** Exercise material **
************

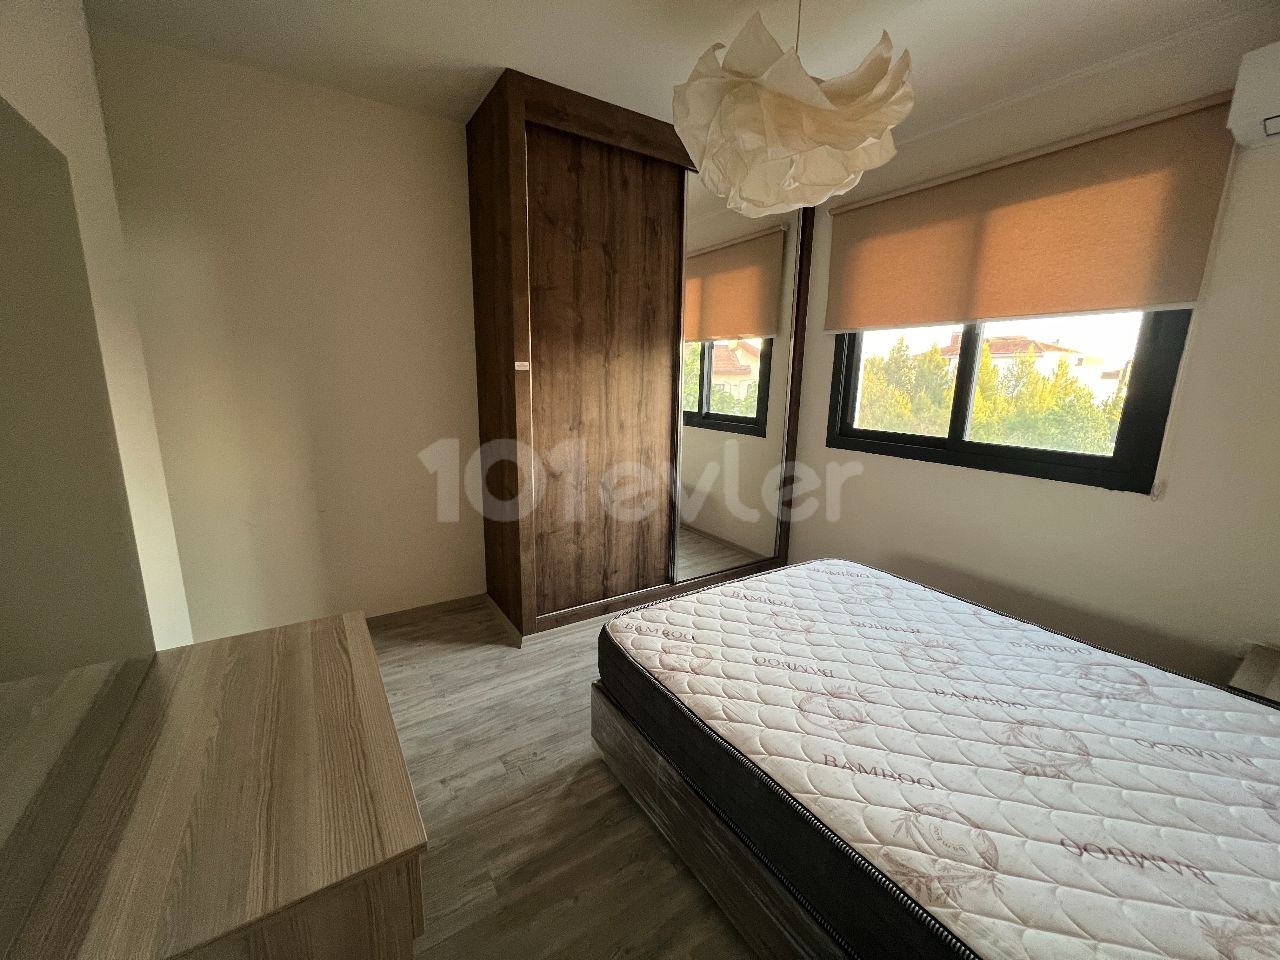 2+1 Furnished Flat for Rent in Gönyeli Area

************

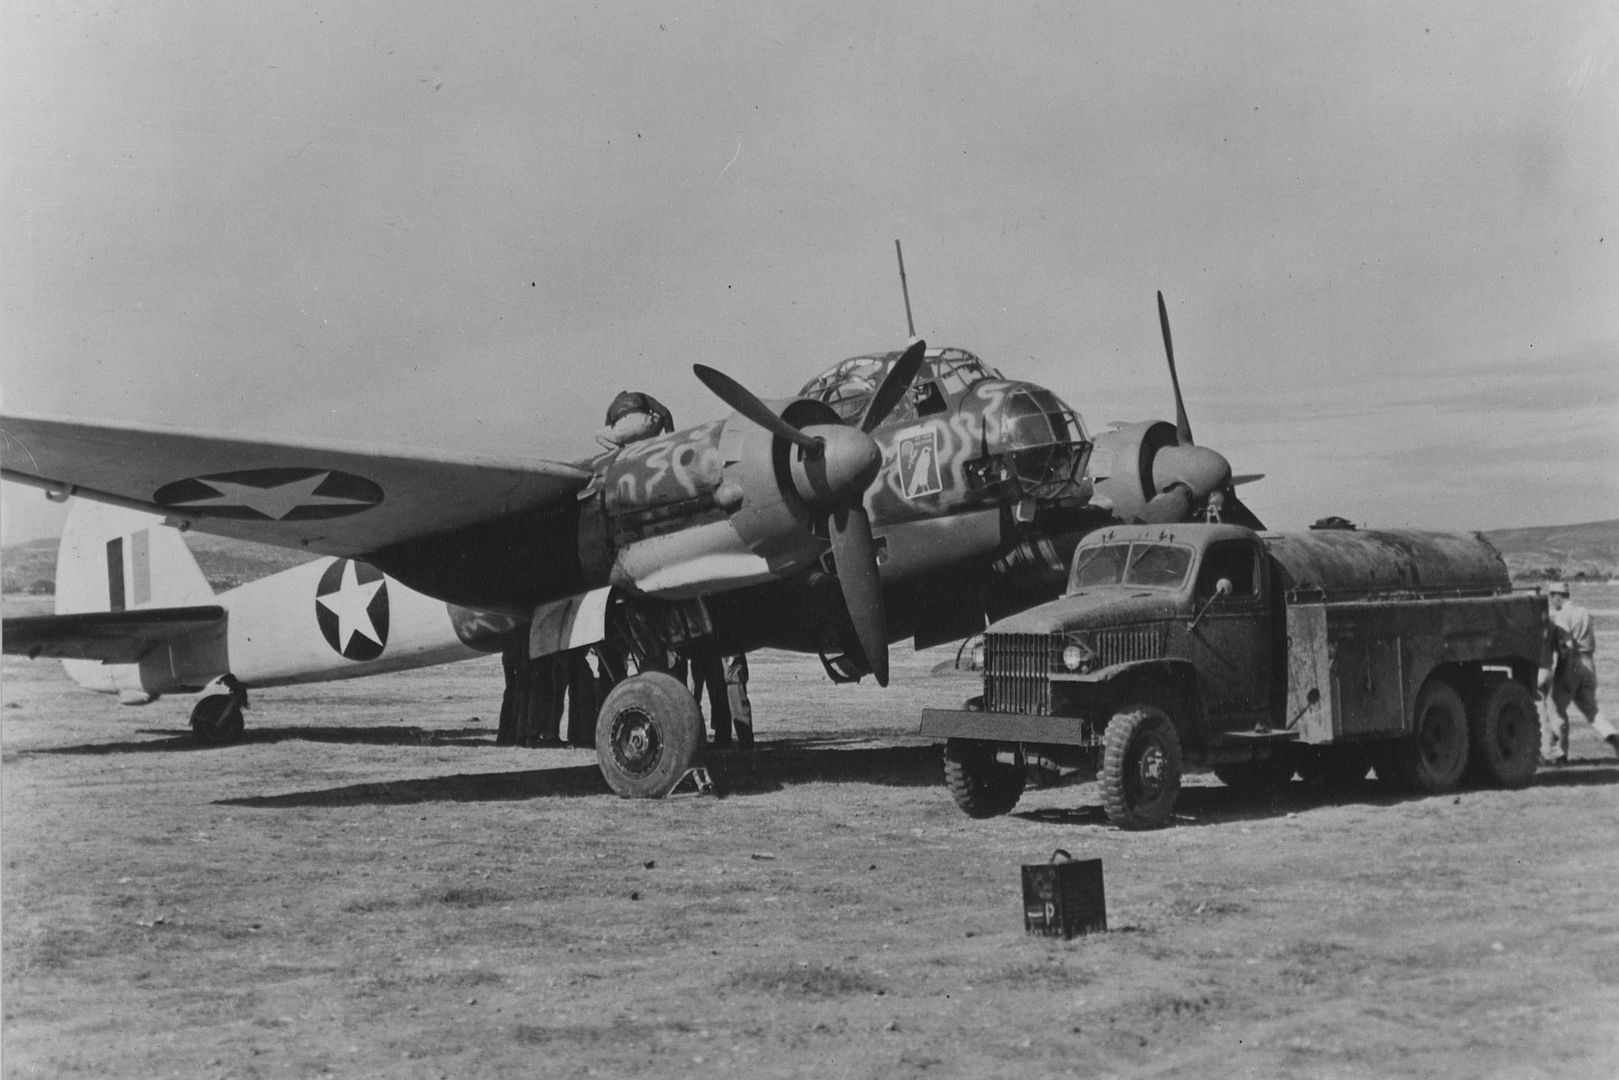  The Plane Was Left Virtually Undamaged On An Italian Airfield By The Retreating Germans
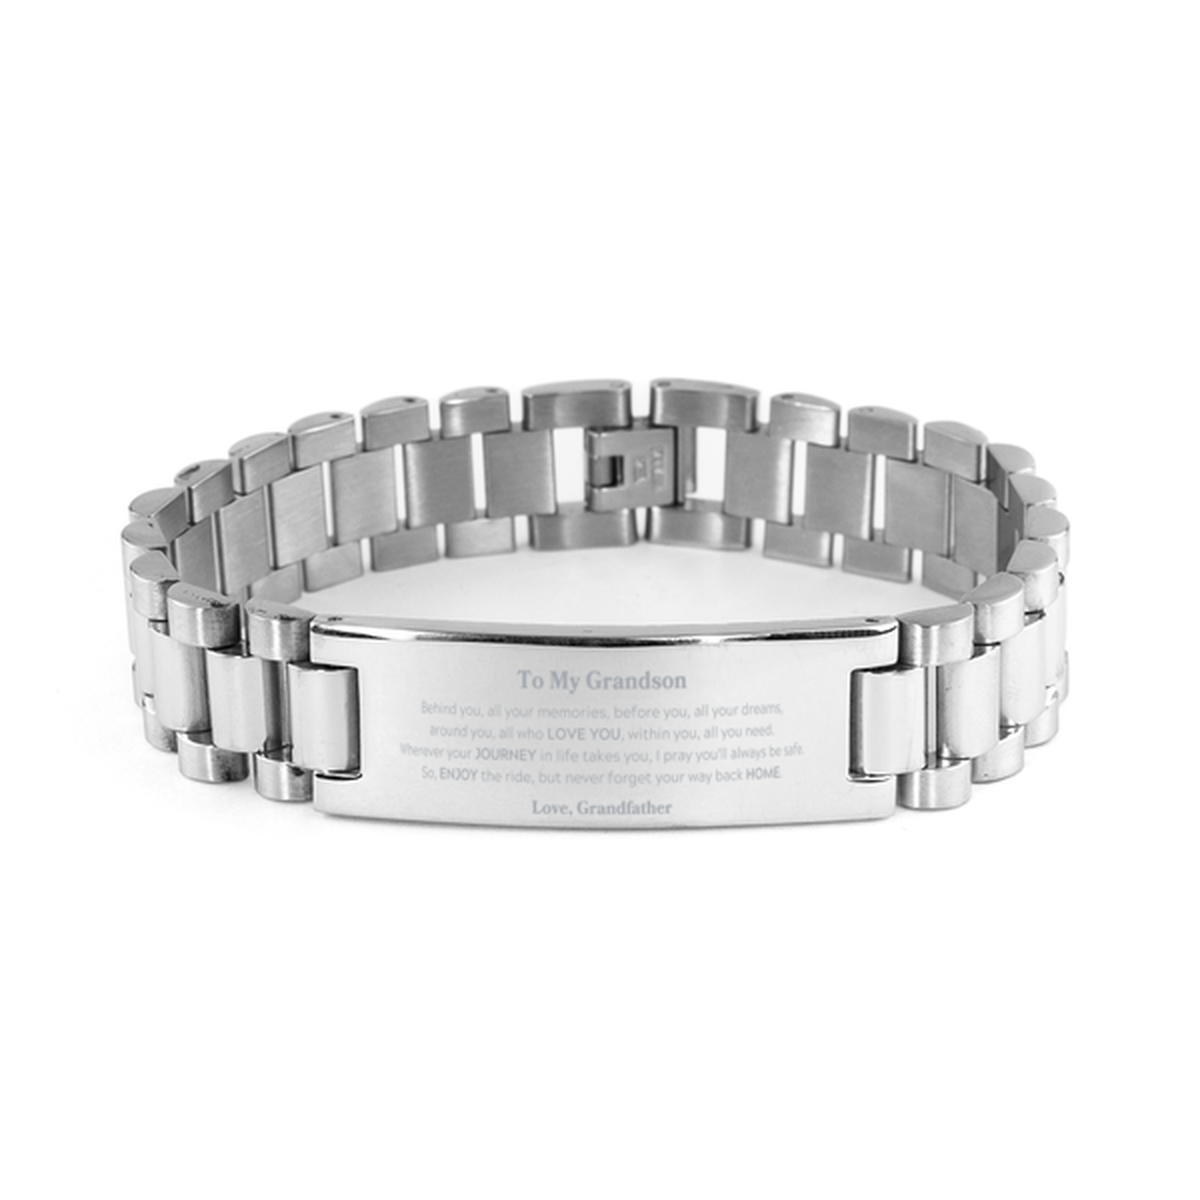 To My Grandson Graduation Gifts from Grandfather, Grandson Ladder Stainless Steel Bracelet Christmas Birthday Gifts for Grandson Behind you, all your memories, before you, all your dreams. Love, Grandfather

************

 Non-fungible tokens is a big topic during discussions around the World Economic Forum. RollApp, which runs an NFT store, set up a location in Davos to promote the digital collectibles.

************

** Problem **
Take the entries above and copy exactly the lines starting at the one with "The Plane Was" and ending at the one with "To My Grandson"; nothing outside that span, and no pictures.

** Exercise answer **
  The Plane Was Left Virtually Undamaged On An Italian Airfield By The Retreating Germans
 To My Grandson Graduation Gifts from Grandfather, Grandson Ladder Stainless Steel Bracelet Christmas Birthday Gifts for Grandson Behind you, all your memories, before you, all your dreams. Love, Grandfather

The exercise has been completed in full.